If the goal is network infiltration, the zombie can now read email and monitor traffic and communications, enabling its overseer to work his way through the organization in hopes of sniffing out passwords, identifying specific databases containing engineering secrets, and fingering users with greater administrative powers. At every opportunity, the botmaster spreads more malware to other computers, bolstering the ranks of his zombie horde within the corporate network and improving the odds that he'll stumble across something juicy.

And if he needs to grant his zombies new powers, all the botmaster has to do is upload new malware packages to the infected computers. This highlights one of the major dangers of botnets—they can be customized to perform just about any type of illicit activity the botmaster wants. It's is a slower and less flashy method of attack than zero-day attacks that exploit known weaknesses in the software running on PCs and servers. But it can be every bit as effective.

Botnet infiltration works so well in part because most people will tend to trust files that appear to have originated with other employees inside the company's network. People will almost always pass along files from sources they know. And that's a very large problem: Mullis estimated that "around 95% of the organizations we work with has this type of malware somewhere on their networks."

And while creating a botnet like this isn't the sort of thing any person off the street could do, it's uncomfortably close. You need some basic knowledge of how webservers are constructed—in particular, some familiarity with back-end databases like MySQL that have become ubiquitous for managing all the information stored on websites. If you've ever run a website, you could do this.

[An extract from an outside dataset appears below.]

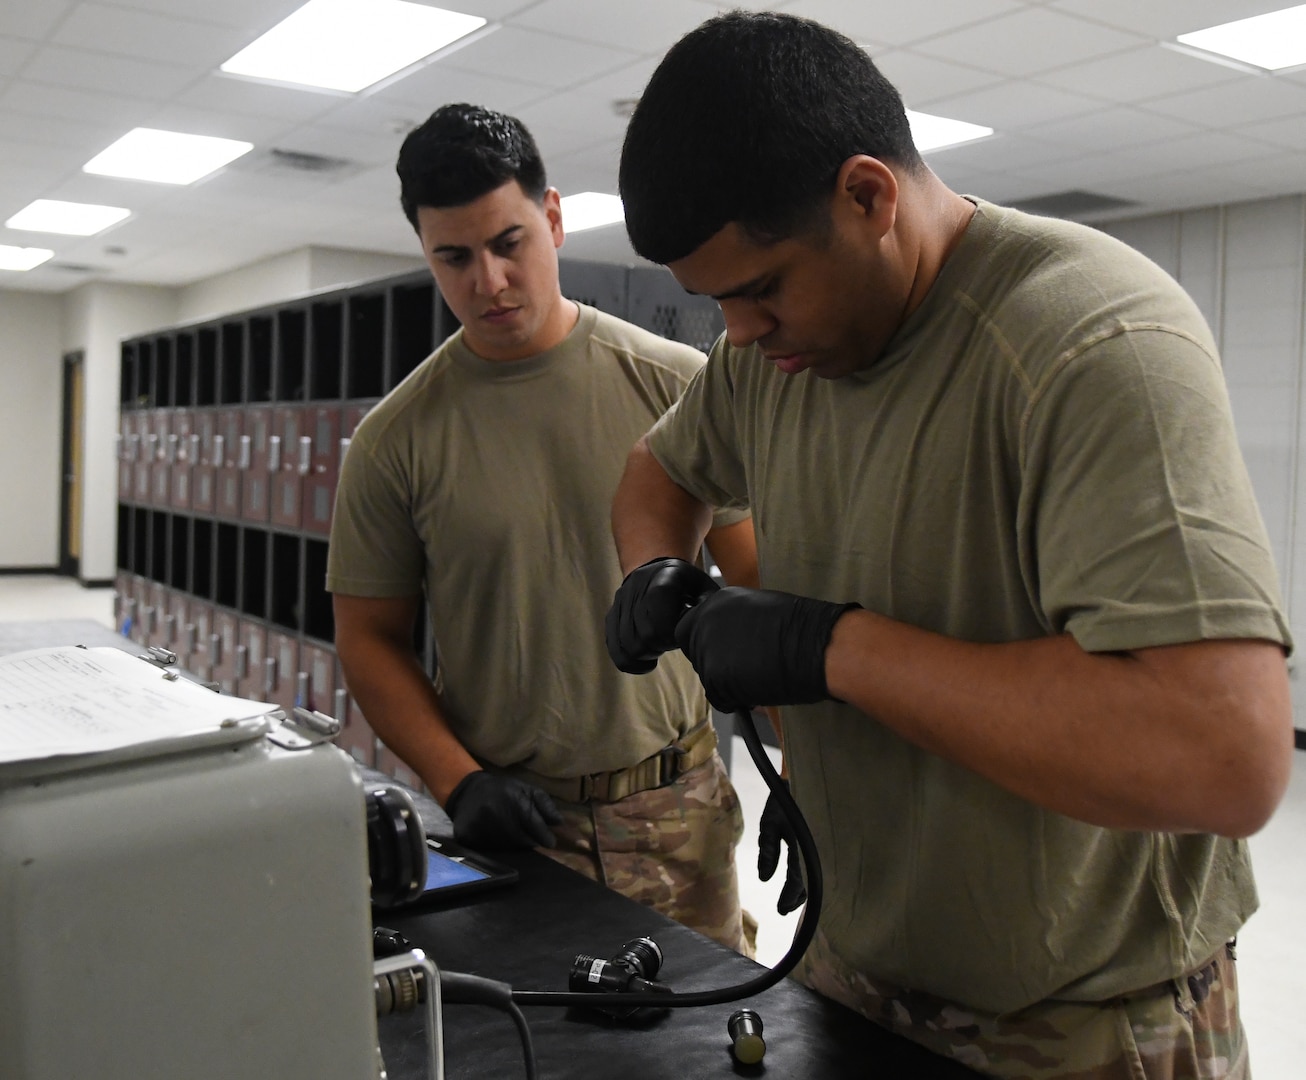 Technical Sgt. Stephen Diaz and Staff Sgt. Emanuelle Negron, 920th Operations Support Squadron aircrew flight equipment craftsmen, perform helmet inspections for aircrew use at Patrick Space Force Base, Fla., April 2, 2022. AFE is a team of 27 Airmen whose main role is to maintain, test, and inspect the flight gear used by all aircrew. (U.S. Air Force photo by Staff Sgt. Darius Sostre-Miroir)

The website Mullis visited to download Ice IX kit in the first place listed the 14 steps for installing and using the software right on the download page. Step 14? "Profit."

Welcome To The Big Leagues

Mullis' point in running this demo was to underscore just how powerful malware-creation tools have become, how simple they are for relatively unsophisticated computer jockeys to use—and just how easy it is to find them. These tools are far beyond the level of sophistication the talented amateurs known as "script kiddies" once used: In just 13 minutes, anyone with a modicum of knowledge can use simplified point-and-click tools to build malware that can steal identities and corporate secrets alike without breaking a (metaphorical) sweat.

And that's just what Mullis found with a few Google searches; one can only imagine what tools the big-league hackers have at their disposal. That, Mullis said, is the real problem: Malware creation is frightenly easy to create for nearly all levels of hackers, thanks to the easy availability of these malware builder kits. The really dangerous malware is light-years beyond what prepackaged tools like the Ice IX kit can produce.

Complicating this is the fact that anti-virus software is often unaware of this kind of malware. Zombie-type malware can only be detected if the anti-virus vendor has managed to get a signature for the malware in question. This is often difficult, since this malware takes active pains to avoid detection.

In the arms race between hackers and users, the hackers are winning. The sheer volume of available malware-building kits makes that clear. Eventually, defenders should be able to catch up, but for now, it's open season for incautious users.